I stopped in a Fat Tuesdays and ordered a Barena and a pick of cigarettes. I ran into one of the older gay couples. They wanted to know how my search for a husband was going. It wasn't looking good. But I had to tell all the juicy stories of love found, love lost and love made. Older couples followed the exploits of singles like men follow their favorite sports teams. I told them about the supposedly straight guy that whipped it out in the urinal next to me in the nightclub bathroom.

"What did you do?" They asked, eagerly on the edge of their seats.

"I told him if mine looked like that I'd keep it to myself."

"Tough break."

"I'm being set up tonight, apparently the winner of last night's karaoke competition is going to the night club tonight. My ladies are gonna hook me up."



 I had befriended a bunch of party girls and cougars in the night club thinking that maybe they would know where all the hot young gay men are. Or at the very least they could point me in the direction of the bi curious straight guys. In the mean time at least I had a group to dance with and bum cigarettes from. I met the smattering of busty southern belles at 2am in the Skywalk nightclub. The texas women were lounging around with cleavage and virginia slims abounding.

"Ladies where's my man?"

"Oh he's right over there, tall, curly hair, I'll wave him over." They waved over Manny, a choir singer from delaware working on an off broadway production of Newsies.

"Can I get you a drink he chirped?"

"I've, uh, got a drink-- maybe later?"

"Okay, well, I'll be over there," he indicated a gaggle of teenagers in the corner trying not to get kicked out of the night club.

"Well?" one of the belles said.

"He was a cutie patootie!" a cougar added.

"He's nineteen! Or younger!"

"Still cute. And he'd probably let you do whatever you want to him," another cougar said.

"I don't want to do whatever I want with him! I'd break him in half."

"I hear you, I like to roughhouse."

"Can't you just find me one decently attractive man in his thirties?"

"We're all straight, dude," one of the guys said. "This one guy did whip his thing out in the restroom. He was probably gay."

"Ugh, not that guy."

"Yeah dude, it was pretty small."

It was then that the token straight 'dude' and the token gay guy befriended each other. He agreed to be my wingman if I agreed to use my preternatural ability to attract beautiful women to get him laid. I told him I try not to use my powers for evil but I'd see what I could do.

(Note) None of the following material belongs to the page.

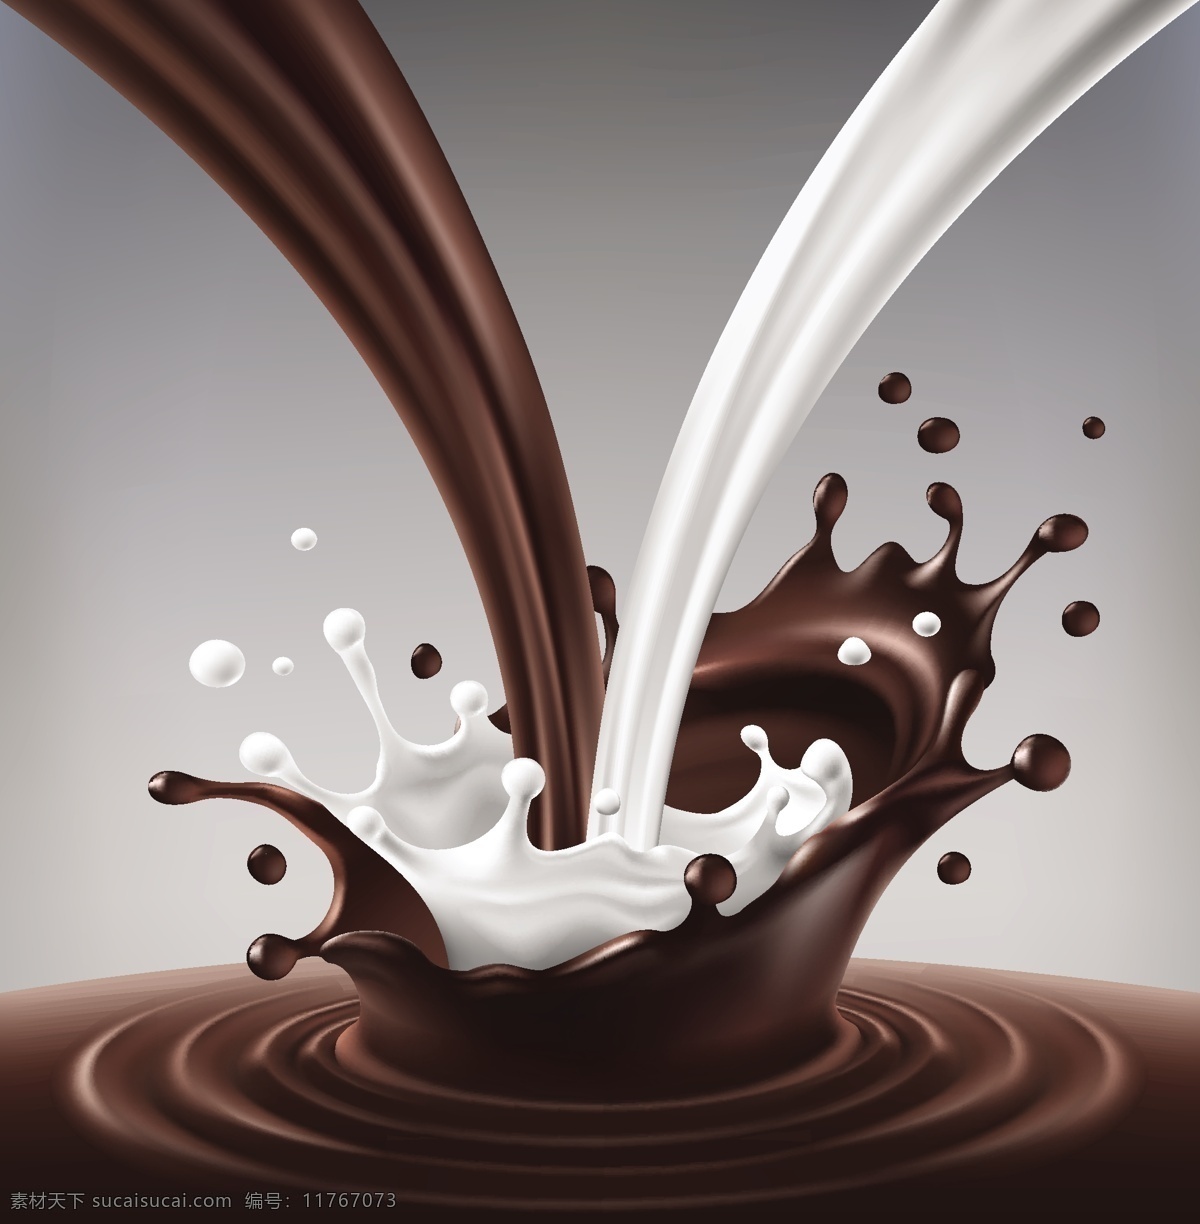 咖啡牛奶 咖啡 牛奶 咖啡效果图 牛奶效果图 食品包装 水滴 国内广告设计

And on the other end of the gulf:


My Dear Friend, Captain of the Crown Princess,

Tonight we ran out of tequila, whiskey and all flavors of vodka except blackberry. The parties have gone on for four days now. Most of the passengers, including some of my crew have stopped wearing clothing. I look out over the gulf and see nothing, blackness all around me. I know in my soul that I am doomed the tragic circumstance of hauling sexually rampant twenty somethings from port to port for the rest of my life. I've turned to scotch to ease the pangs of captaining a floating brothel of booze and promiscuity. Tonight your passengers are probably enjoying five course meals and Christmas Caroling  in the aft deck. I await your communication. I have never felt sea sickness before but I imagine it feels much like the knot I have in my stomach now. I must away, I've just received word that there is a naked riot in the food court.